We can now complete the proof. This is the only place where we need to use that definition (3) is closed under taking inverses.

Proof of Theorem 4.1

It remains to show that (1), or (2), are equivalent to (3). Clearly, definition (1) implies conditions (i)–(iii) of definition (3). Condition (3)(iv) is just (2)(iii) applied to the inverse. Assume definition (1) and suppose \(\alpha , \beta \ne 0\). Then,

$$\begin{aligned} N(\beta ^t)\alpha n \bar{\beta } = \alpha (\beta ^t\beta ')n\bar{\beta } = \alpha \beta ^t(\beta n' \beta ^t)' \end{aligned}$$

In definition (1), \(\beta \in {\mathcal {T}}(N,q)\) and \(\alpha \beta ^t \in N \cup \{0\}\), so \(x:=\alpha n \bar{\beta }\) is the product of two elements of N. Hence, by the Clifford relations, \(\alpha n \bar{\beta } + \beta \bar{n} \bar{\alpha } = x + \bar{x} = x + x^t\in R\). Similarly, \(\gamma n \bar{\delta } + \delta \bar{n} \bar{\gamma } \in R\) and condition (3)(v) is satisfied.

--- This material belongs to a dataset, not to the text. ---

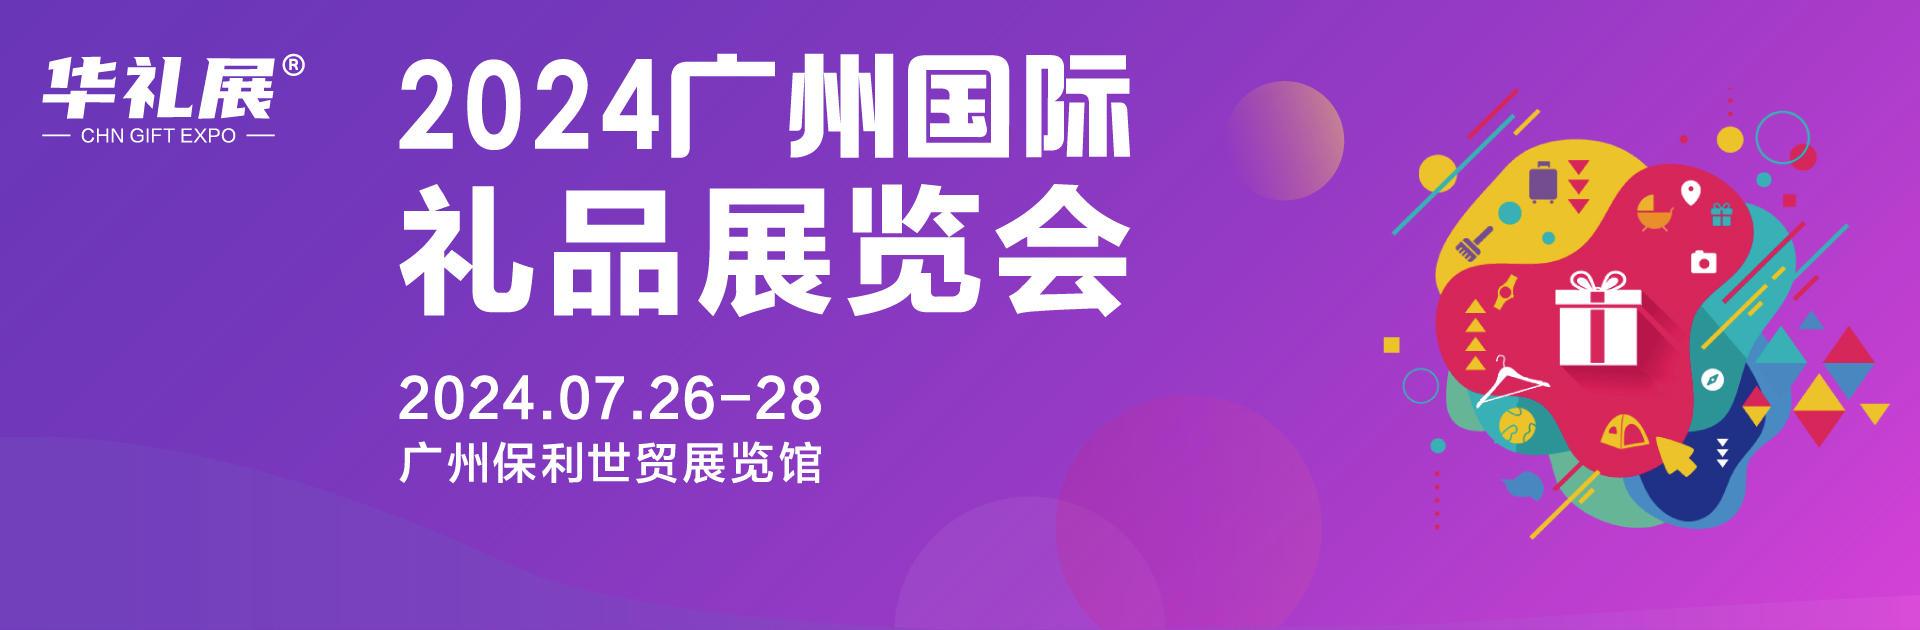 2024广州礼品展将于7月26-28日在保利世贸博览馆举办

We have shown that conditions (3)(i)–(v) are satisfied by both definitions (1) and (3). So under these assumptions, it is enough to show the equivalence of (1)(i) and (3)(vi). By (3)(iii), we need just show that \(\alpha n \alpha ^t \in N\) is equivalent to \(\alpha n \bar{\delta } - \beta n \bar{\gamma } \in N\) for \(\alpha \ne 0\).

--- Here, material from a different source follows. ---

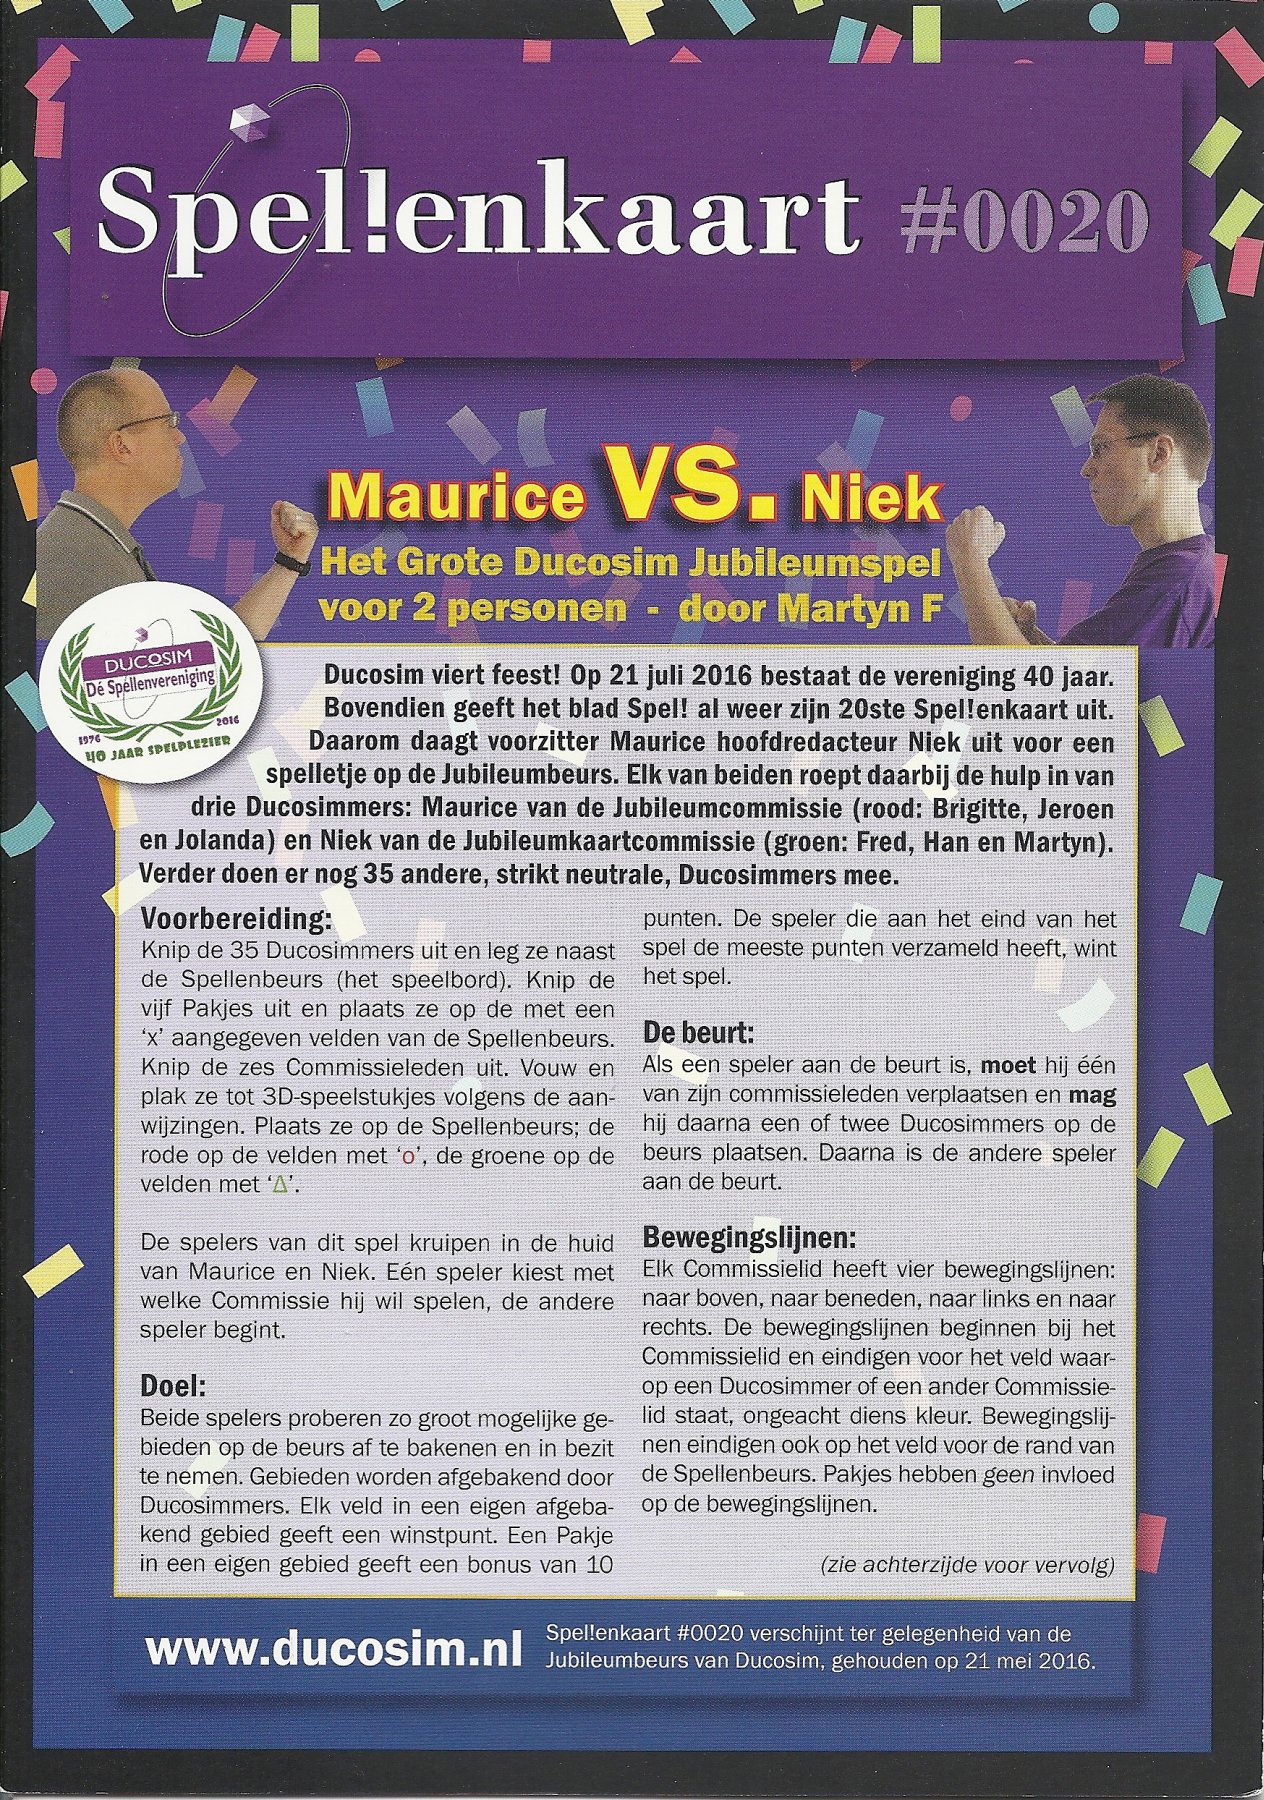 Spellenkaart #0020: Maurice VS. Niek

$$\begin{aligned} N(\alpha ^t)(\alpha n \bar{\delta } + \beta \bar{n} \bar{\gamma })&= \alpha n N(\alpha ^t)\bar{\delta } + N(\alpha ^t)\beta \bar{n}\bar{\gamma } \\&=\alpha n \alpha ^t(\alpha \delta ^t - \beta \gamma ^t)' + \alpha n \alpha ^t\beta '\bar{\gamma } + N(\alpha ^t)\beta \bar{n} \bar{\gamma } \end{aligned}$$

If \(\beta = 0\), then our proof is complete. So, we may assume that \(\beta \ne 0\). Now, \(\alpha ^t\beta ' = (\bar{\alpha }\beta )' \in N\). Since n is also in N, by the Clifford relations, \(n\alpha ^t\beta ' + \alpha ^t\beta 'n = r \in R\). So, \(n\alpha ^t\beta ' = r + \alpha ^t\beta 'n = r - \overline{\alpha ^t\beta '}\bar{n} = r - \beta ^t\alpha '\bar{n}\). We have

$$\begin{aligned} N(\alpha ^t)(\alpha n \bar{\delta } + \beta \bar{n} \bar{\gamma })&= \alpha n \alpha ^t(\alpha \delta ^t - \beta \gamma ^t)' + \alpha (r - \beta ^t\alpha ' \bar{n})\bar{\gamma } + N(\alpha ^t)\beta \bar{n} \bar{\gamma } \\&= \alpha n \alpha ^t(\alpha \delta ^t - \beta \gamma ^t)' + r \alpha \bar{\gamma } - \beta \alpha ^t\alpha ' \bar{n}\bar{\gamma } + N(\alpha ^t)\beta \bar{n} \bar{\gamma } \\&= \alpha n \alpha ^t(\alpha \delta ^t - \beta \gamma ^t)' + r\alpha \bar{\gamma } \end{aligned}$$

Now, \(\alpha \bar{\gamma } \in N \cup \{0\}\) in definition (3) and also in definition (2)(iii) applied to the inverse. so we have proved our claim. The analogous results for \(\beta \), \(\gamma \) and \(\delta \) follow in a similar way. \(\square \)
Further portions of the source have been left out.